Site icon Brent Ozar

Building a Company Is Like Multi-Player Katamari Damacy

In the video game Katamari Damacy, you roll a ball through the world, slowly picking up objects by running over them. You can’t pick up big objects right away – you can only pick up objects smaller than you. As your pile grows, your capabilities grow.

Here’s a video of someone playing it:

https://www.youtube.com/watch?v=cwhFH75OCDs

When you’re starting a company by yourself, you start all alone with limited capabilities. You only have so many hours per day, and there’s a lot of skills you haven’t acquired yet. You tackle a lot of small tasks manually, doing them over and over again, until you build processes that help you conquer larger tasks.

The multi-player part comes in when you’ve built up enough revenue and processes: you can afford to hire someone.

To play the game well, you have to be able to hand off as many tasks as possible to that new hire. And so do they. This means you need to avoid manual processes and focus on building systems as fast as possible.

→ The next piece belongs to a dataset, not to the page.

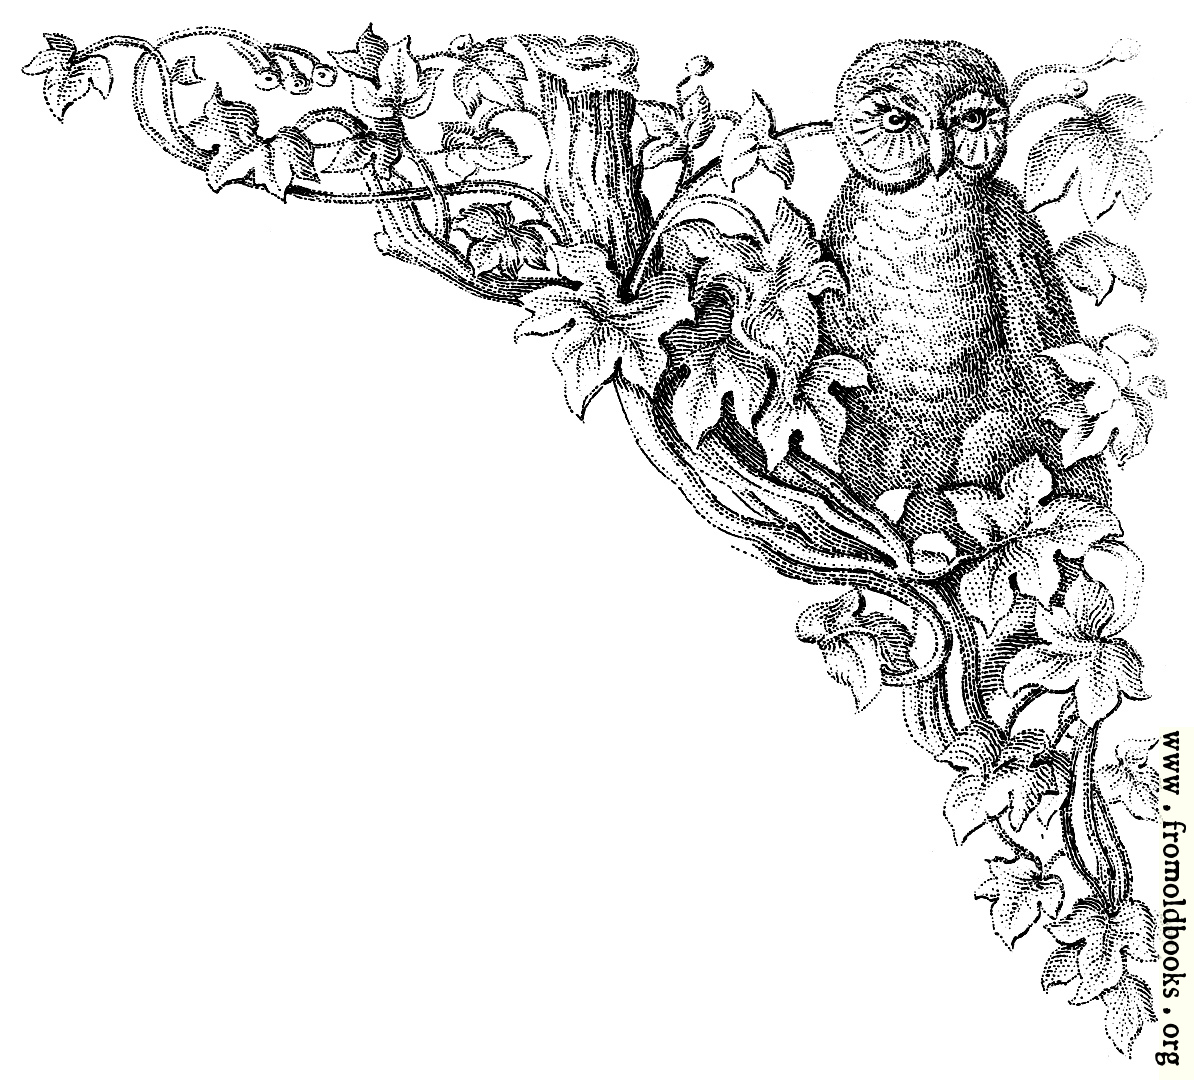 [Picture: Corner decoration: Owl with leaves and tree]

Every time you shed load, your ball starts small again, and the process repeats itself. This means you need to be great at figuring out what you need to scale next, learning how to do it, and building a process around it.

This isn’t even about building a business – if you’re a dissatisfied employee, this is how to get a better job. Figure out how to hand off, automate, and eliminate what you’re doing today, and find the next job tasks you want to do.